# Formation of stars and non-conservation of angular momentum

1. Feb 6, 2016

### TRB8985

Good morning all,

Recently in a modern physics course of mine, my professor was covering the topic of energy levels and ionization energies and it included a diagram very similar to this one:

While it is interesting to learn that these diagrams correspond to a very specific and strict set of energies in which the angular momentum is quantized, I'm left with a bigger question that's a little reminiscent of Max Planck's historical perspective.

Why is a continuum of energies not allowed? Perhaps more interestingly, assuming the angular momentum were NOT quantized, could life still exist somehow? Or is the conservation of angular momentum in quantum systems crucial for the formation of structures which spring forth life?

2. Feb 6, 2016

### vanhees71

In quantum mechanics the possible values an observable can take is given by the spectrum of the self-adjoint operators describing them. The Hamiltonian of a system should be bounded from below in order to have a stable ground state. Otherwise it's pretty unrestricted. Consequently all possible cases of spectra occur: You have the case of only discrete energy values (e.g., the harmonic oscillator), both discrete and continuous energy values (e.g., the hydrogen atom), or only continuous energy values (the free particle). All of the mentioned examples are exactly solvable in non-relativistic quantum theory.
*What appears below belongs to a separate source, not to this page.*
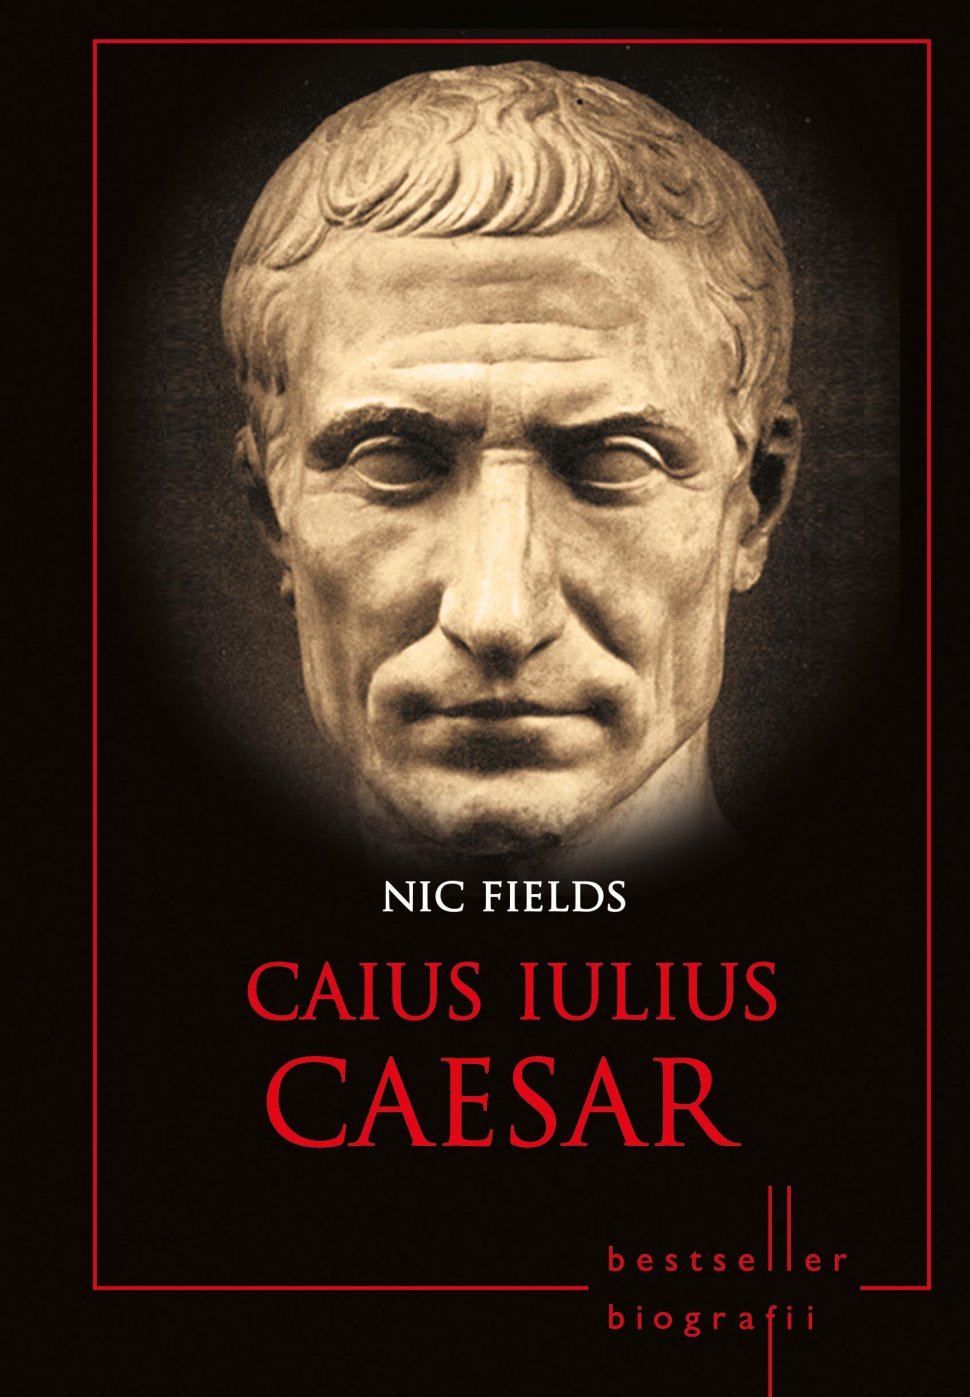 Caius Iulius Caesar, ultimul volum al colecţiei Bestseller Biografii

Angular momentum takes always discrete values. More precisely you can only have the magnitude (squared) of the angular momentum $\vec{J}^2$ and one component in some direction determined. Usually one chooses $J_3$. This is, because the angular-momentum operators do not commute, but any component commutes with $\vec{J}^2$. For both operators the eigenvalues form a completely discrete spectrum. The possible values are $\hbar j(j+1)$ with $j \in \{0,1/2,1,\ldots \}$ and $j_z \hbar$ with $j_z \in \{-j,-j+1,\ldots,j-1,j \}$ for each given $j$. The total angular momentum of a closed system is always conserved.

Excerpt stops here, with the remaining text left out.